Investments by institutions in real estate rose by a fifth on year to $4.9 billion in calendar 2022 led by alternate assets and office assets, data from property consultant Colliers showed.

The property consultant, however, warned that there could be a postponement in funds deployment in the current year due to slowdown in major economies such as the United States and in Europe.

While the office segment got the lion’s share of the inflows last year at 41 per cent of the total, about 18 per cent was in alternate assets such as data centres and hospitals that are seen as emerging segments. Investments in alternate assets nearly doubled on year to just under $1 billion.

“The growth of alternate sectors is led by investors looking to diversify their portfolio, given steady returns in some traditional asset classes,” Colliers said.

Data centres are becoming big business in India, driven by government initiatives on data localisation, more cloud services offerings by companies and the explosion of content online. While incumbents such as Amazon Web Services and Google Cloud are rapidly scaling up in India, domestic entrants such as the Ambanis and Adanis have also committed substantial investments into the segment.

A breakdown

Of the total amount flowing into alternate assets, data centres accounted for over half, followed by others such as holiday homes, hospitals and life sciences.

The office segment, which is a perennial favourite with foreign private equity giants such as Blackstone and Brookfield, saw institutional inflows rise 50 per cent to nearly $2 billion, led by large deals.

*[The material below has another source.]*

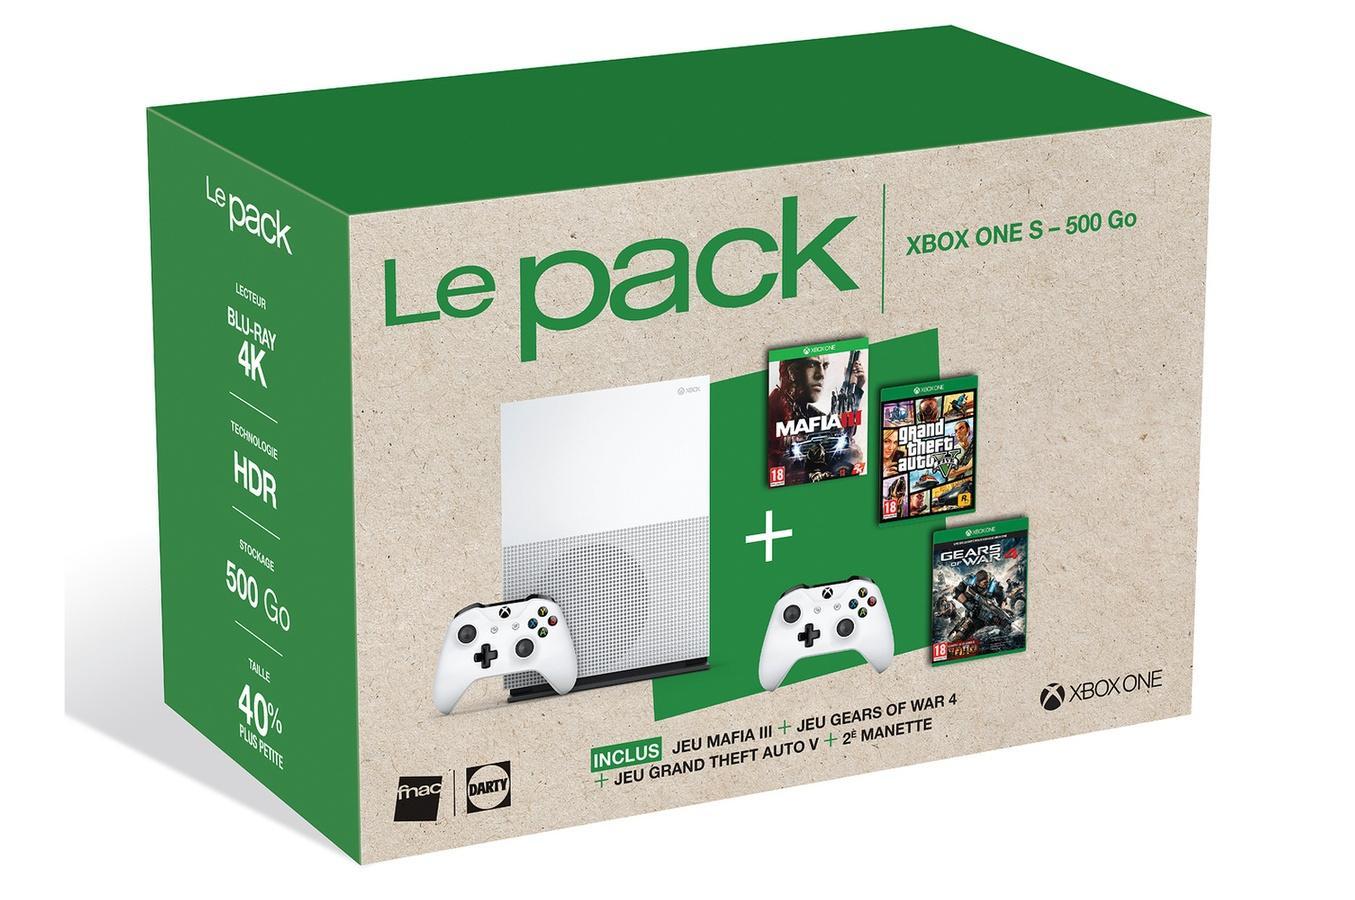 Pack Console Xbox One S 500 Go + Mafia III + GTA V + Gears of War 4 + 2ème Manette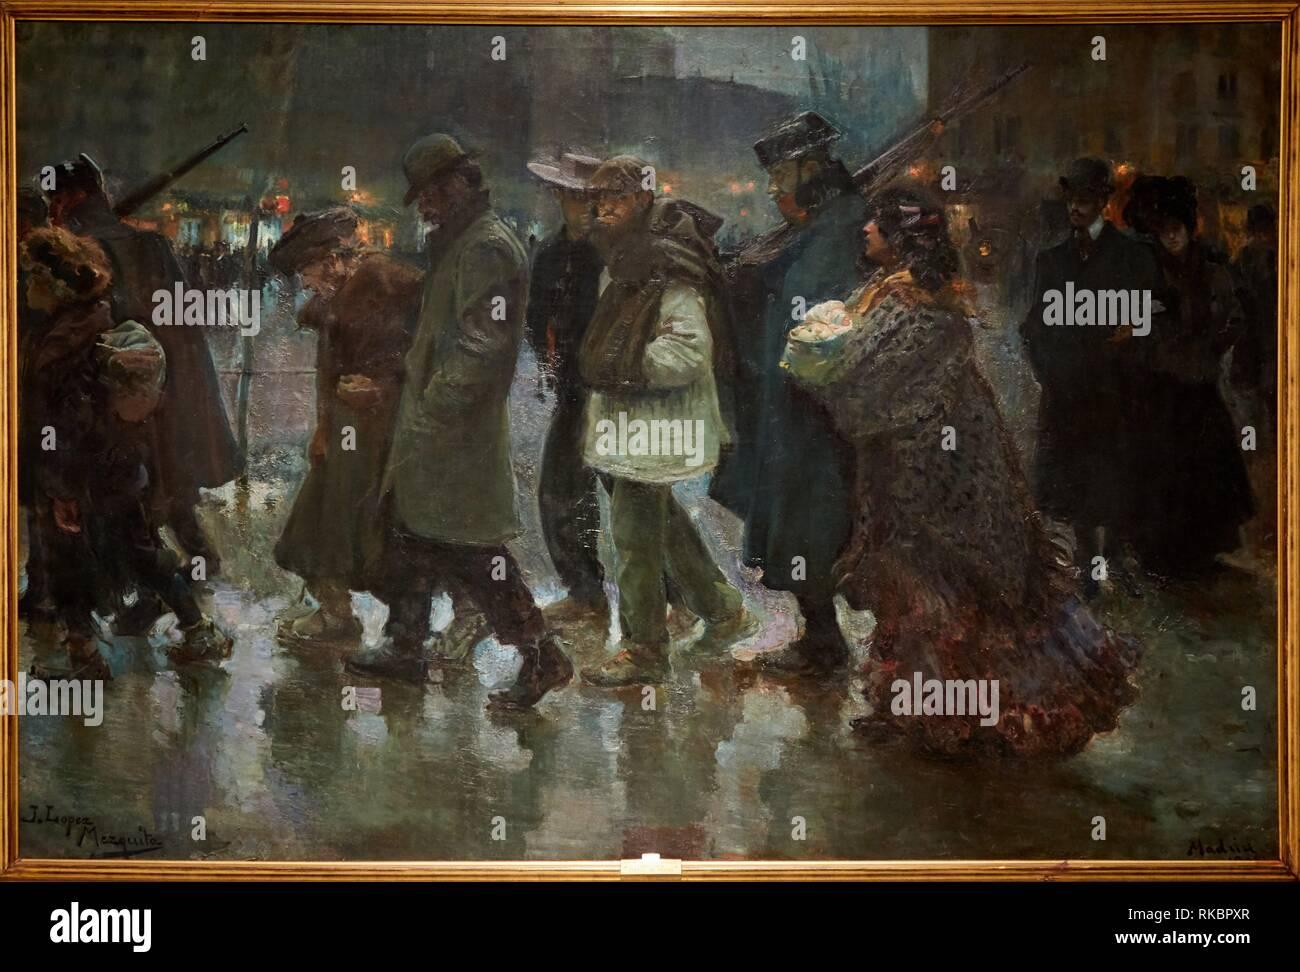 Chain Gang, 1901, José María López Mezquita, Museo Nacional Centro de Arte Reina Sofia, Madrid, Spain, Europe - Stock Image

Colliers said that investors are looking at building a portfolio that can bundle up as real estate investment trusts, while the greenfield and ready-to-move assets are also seeing traction.

“Majority of the deals in the office sector were driven by global investors, who are looking at income-yielding assets,” Colliers said.

Inflows into the warehousing and residential segments, however, saw a dip in the year, though there were some large transactions in these segments.

Colliers said that investments in the real estate sector is likely to grow due to the ‘structural change in demand for capital.’

“Performance credit, special situations, portfolio acquisitions, asset reconstruction, and related structures have been growing and are likely to attract more investments,” said Piyush Gupta, Managing Director, Capital Markets and Investment Services, Colliers India.